Quarto vs R Markdown

  • If you’ve used R Markdown, Quarto will feel very familiar!
  • Quarto unifies the functionality of many R Markdown packages (rmarkdown, bookdown, distill, xaringan, etc.)
  • Native support for multiple languages:
    • R
    • Python
    • Julia
    • Observable
  • Quarto is the “next generation” of R Markdown

Quarto Files

The .qmd File

  • Quarto files are plain text files with the extension .qmd
  • They contain three types of content:
    1. YAML header: Metadata and settings (surrounded by ---)
    2. Code chunks: Blocks of code to execute
    3. Markdown text: Prose with formatting
  • Let’s do these things together.
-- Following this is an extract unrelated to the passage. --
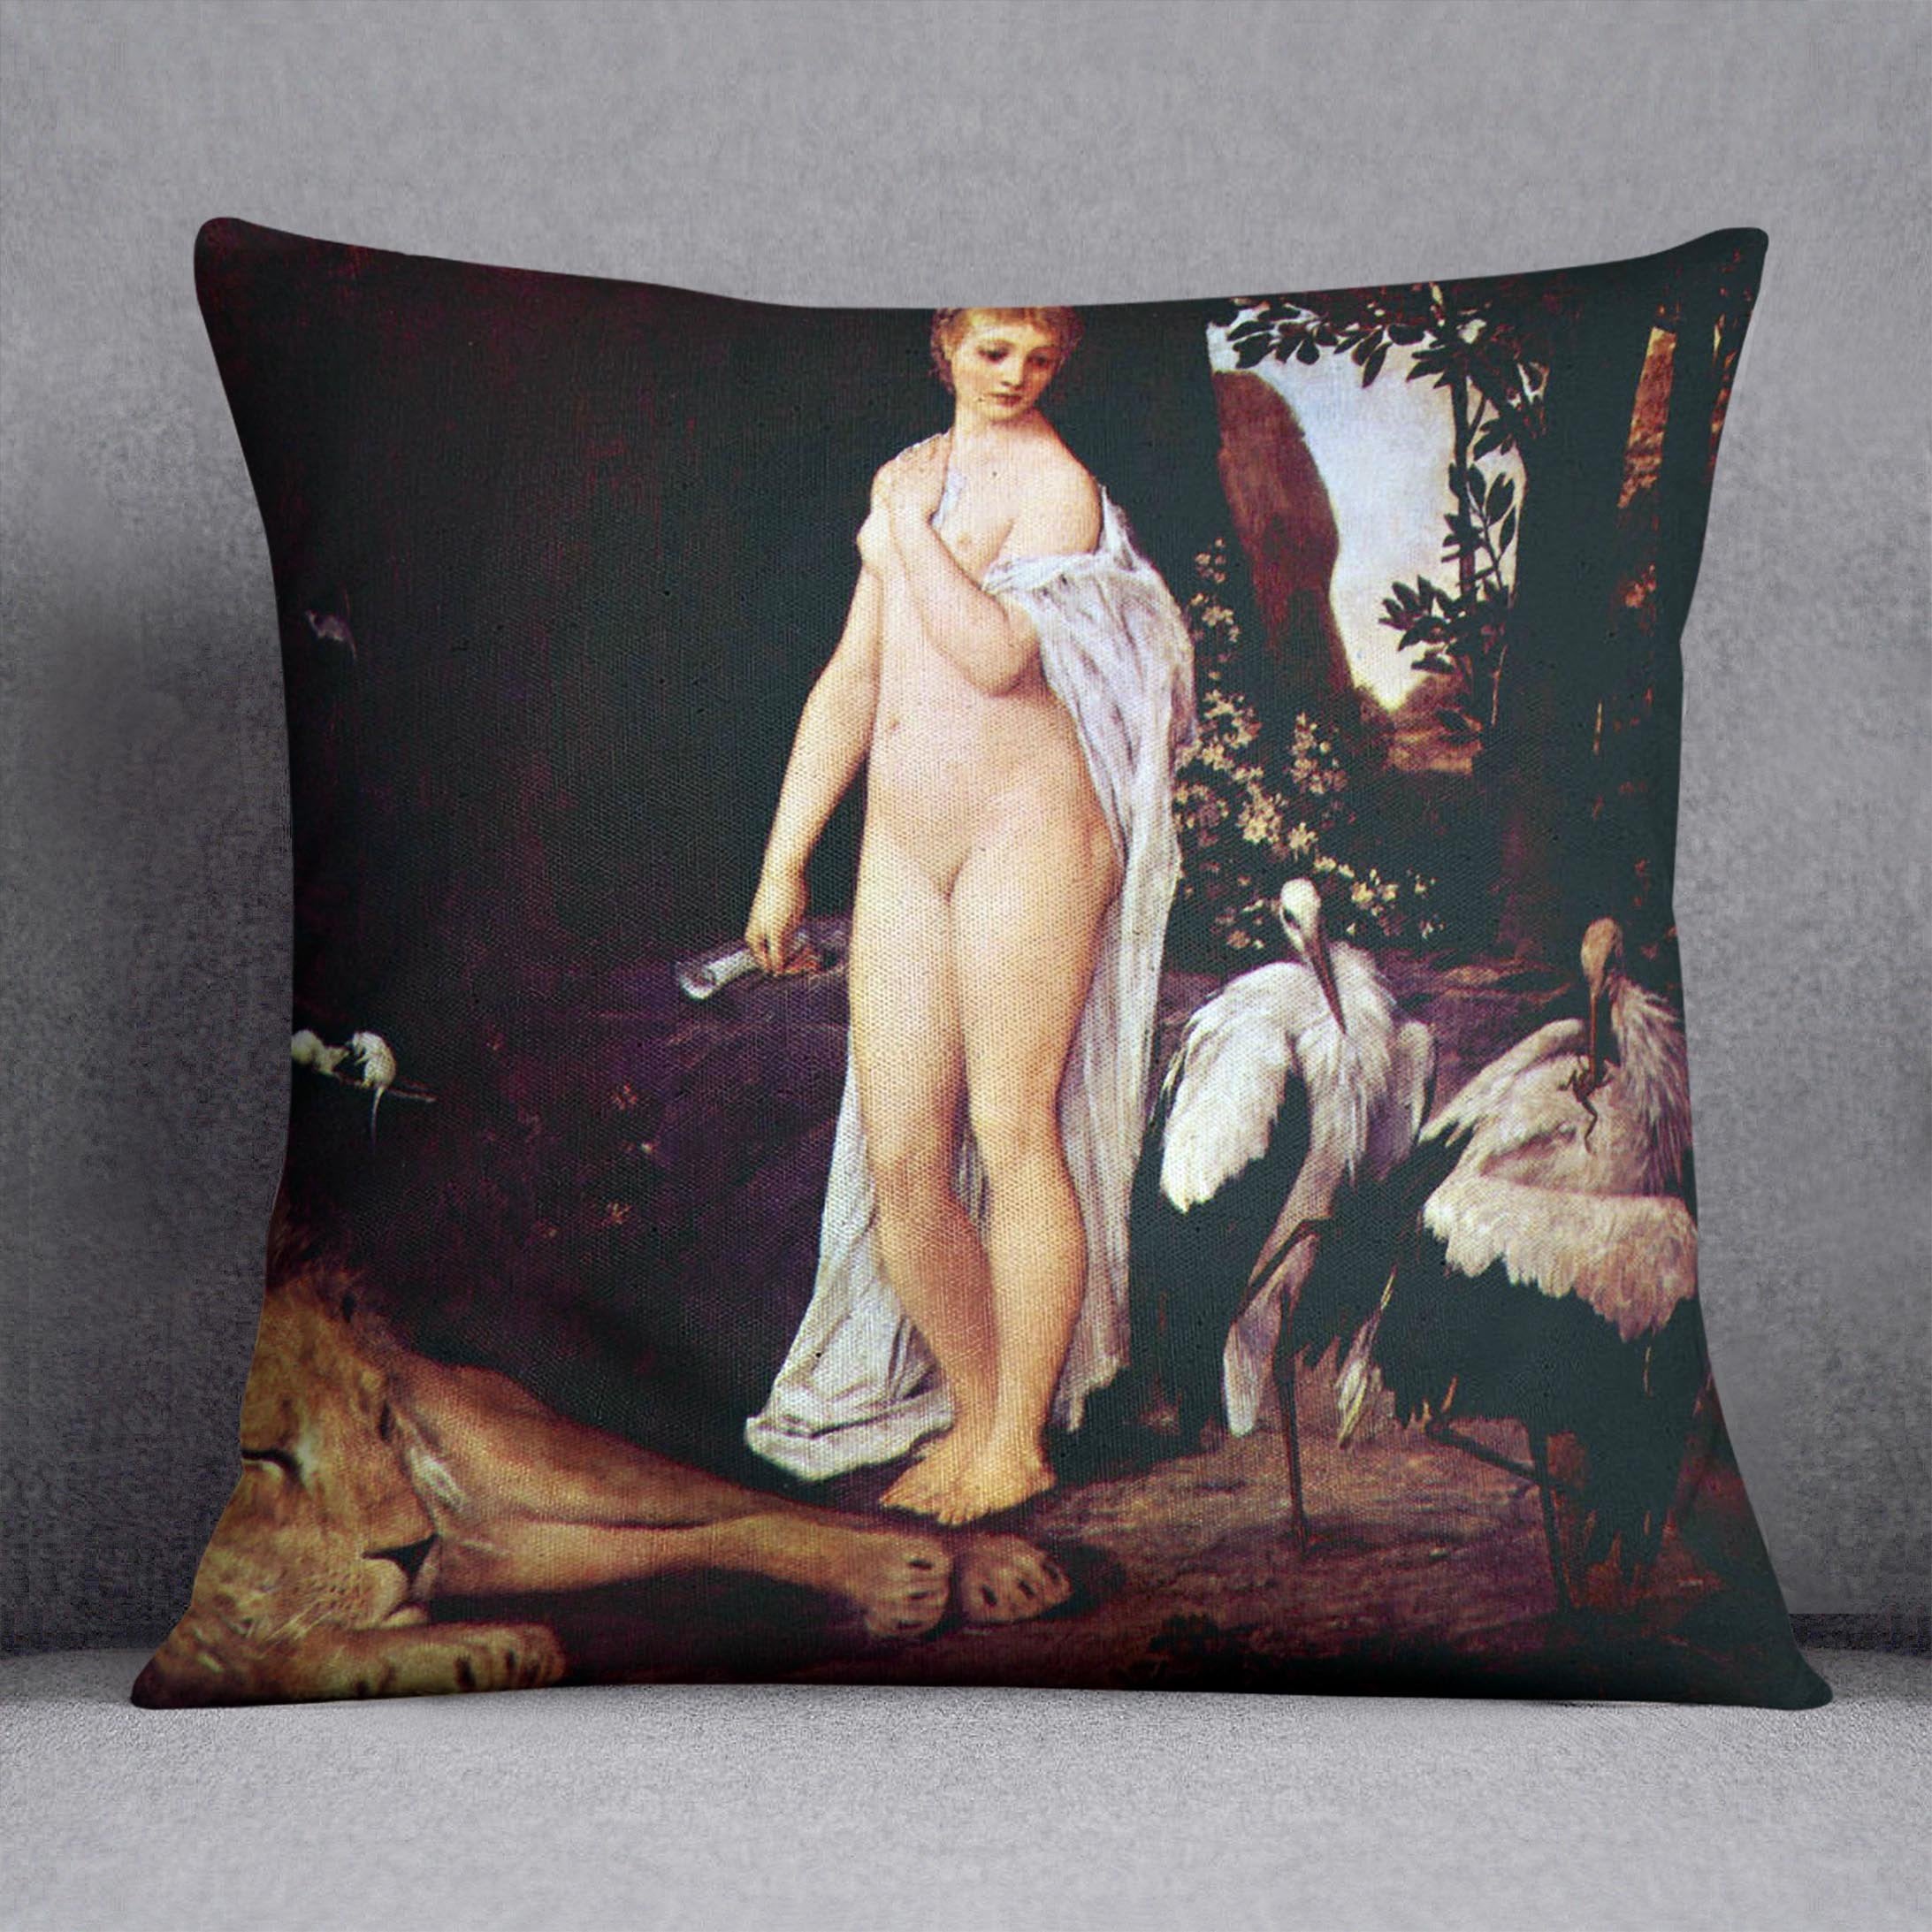 Fable by Klimt Throw Pillow

Open a new project in Positron.

1. YAML Header

  • Located at the very top of the file
  • Surrounded by three dashes ---
  • Defines document metadata and options
  • Example:
---
title: "Diamond sizes"
date: 2024-01-14
format: html
---

2. Markdown Text

  • Use markdown for text formatting:
    • Bold: **text**
    • Italic: *text*
    • Code: `code`
    • Lists: - Item or 1. Item
    • Headers: # Header 1, ## Header 2
    • Links: [text](url)
    • Images: ![caption](path/to/image)

3. Code Chunks

  • Chunks are where your code lives and runs
  • Insert a chunk:
    • Keyboard shortcut: Cmd/Ctrl + Alt + I (or Cmd/Ctrl + Shift + I in some setups)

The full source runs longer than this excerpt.